Saturday, May 3, 2014

The Risk : Poem In Your Post

The Risk

All the lovers, denying, pretending
they didn't know what was
coming. I knew ahead I might lose you.
Your coat sleeve, presences, topography, pricked my
recognition, through soul, a
lost stability.

Path to light, that angles darkness,
our lying in the grass on a
mountain, hoisted biographies in the fragmented clouds
we watched, it was clear as the winds
that changed them. Face of
fate, that didn't

either have to be.  Our incalculable
harmonies, bodies' lithe fabrication, seascape,
weather, mountains, the luck
whatever of place.
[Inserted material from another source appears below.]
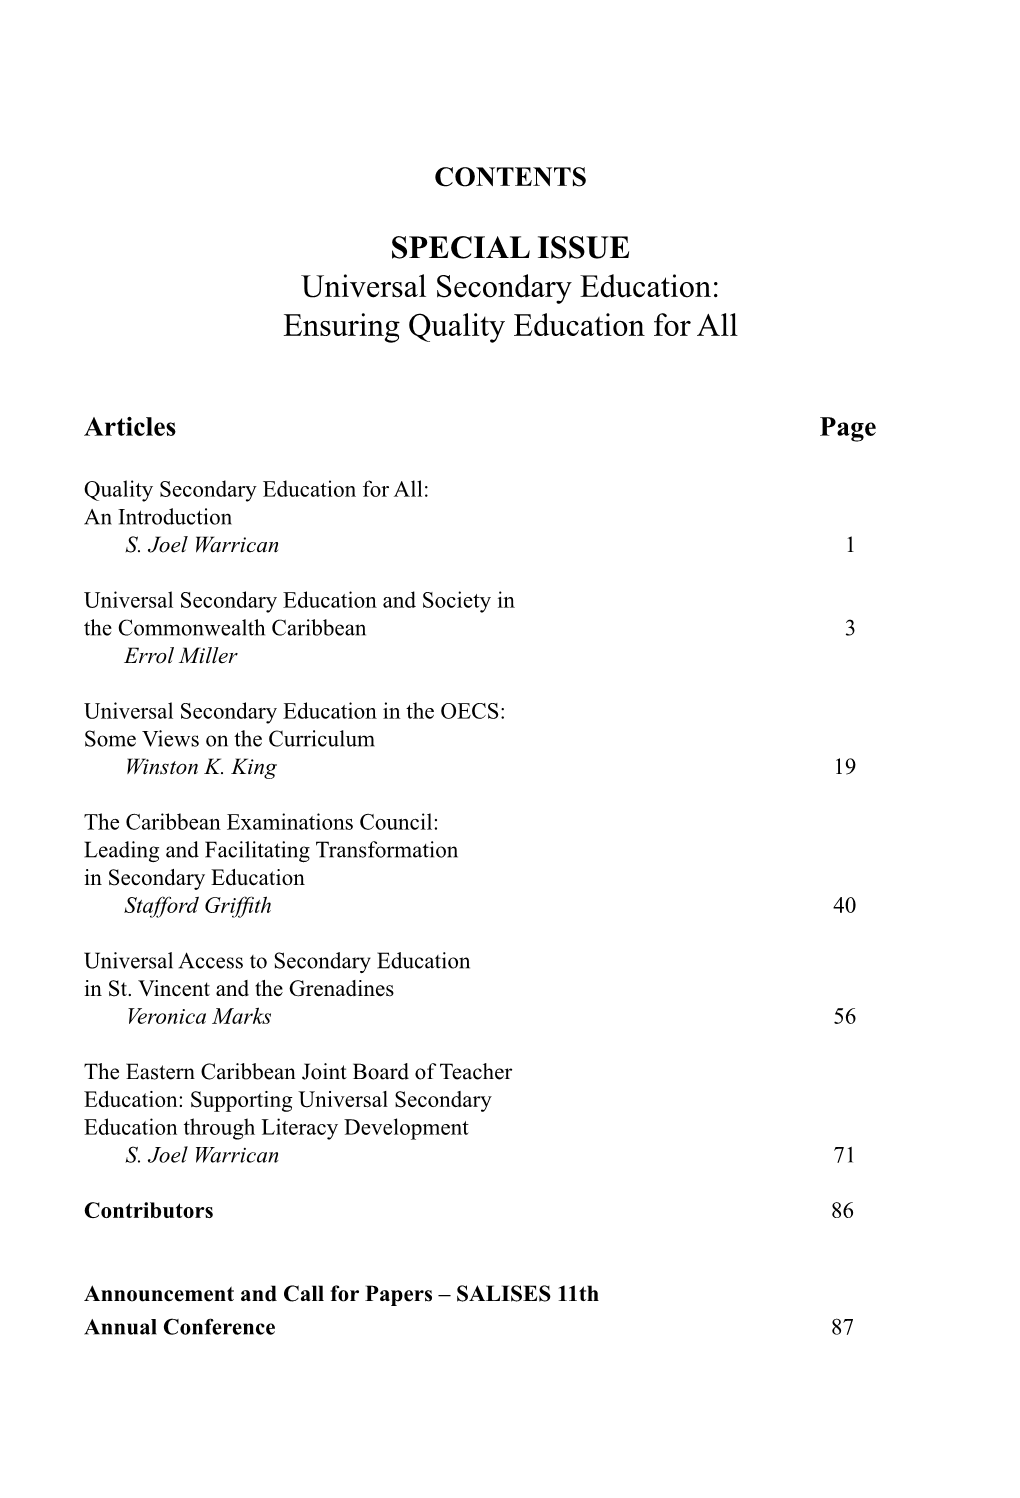 SPECIAL ISSUE Universal Secondary Education: Ensuring Quality Education for All
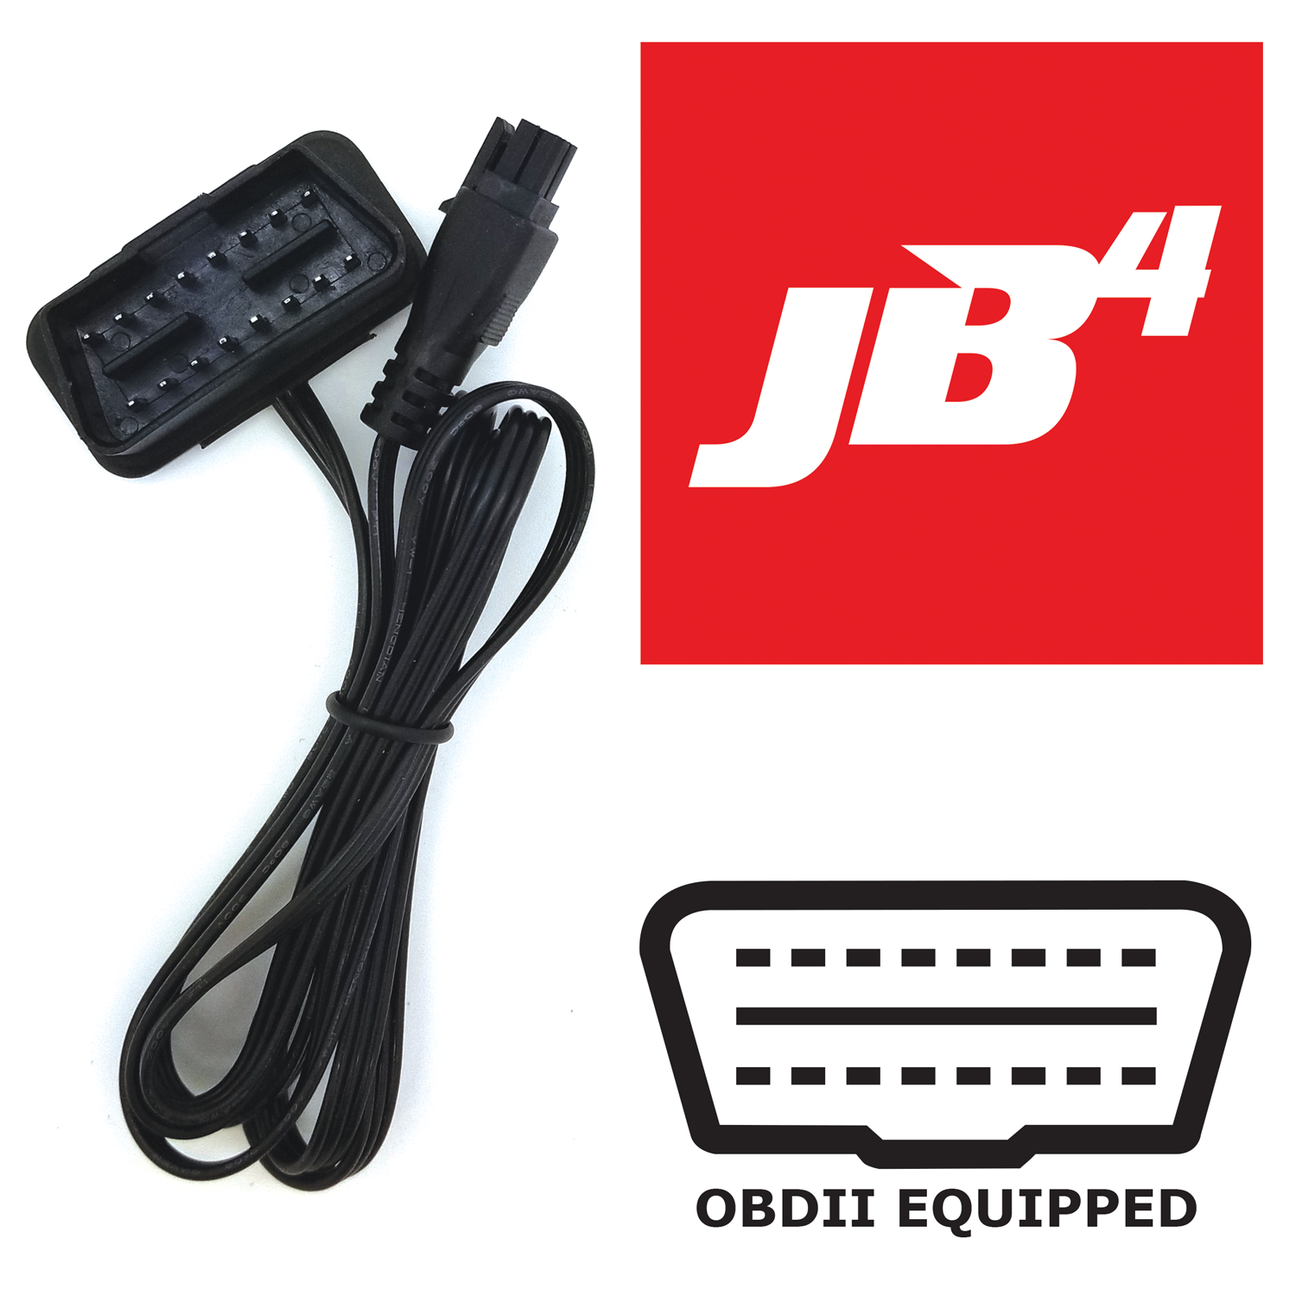 JB4 Tuner for Subaru WRX, Ascent, Legacy, & Outback - 0

Fulfillment swathed like
ammunition in the breeze,

your familiar warm shoulder, prescience -
so good there was nothing to say,
just the right pages turning,
beyond the storm, threat to our love,
their harbor risk.

                     - Jane Mayhall

At times, poems that I don't entirely fathom still move me, perhaps in part because their innate, near-animate power needn't be fully explicated or interpreted to be appreciated.  This one strikes me that way: accessible as a whole, but not so easy to parse as one might expect, given its universal theme and quotidian imagery.  

Perhaps you grasped all its nuances right away?  Or does one particular line or stanza reveal itself to you whole?  Please share your insights in the comments.

For more on Jane Mayhall (1918-2009) visit Knopf's page about her last collection, Sleeping Late on Judgment Day.  Be sure to click on the "author q and a" link: Mayhall's musings on her life history are fascinating, particularly if you - like me - admired Jennifer Donnelly's A Northern Light, as Mayhall's biography parallels Mattie's in some regards.  Mayhall gained recognition late in life and wrote some of her best poems - like this one - in her eighties. Heartening indeed.

And once again, let me recommend you sign up for next year's poetry month offerings from Knopf.  The emails are free, and I guarantee you will (re)discover fine poems and poets if you do.


Hamlet with Yorick's skull, photographed by Sue Shaw of the Cloud Appreciation Society in England.  Catch the connection?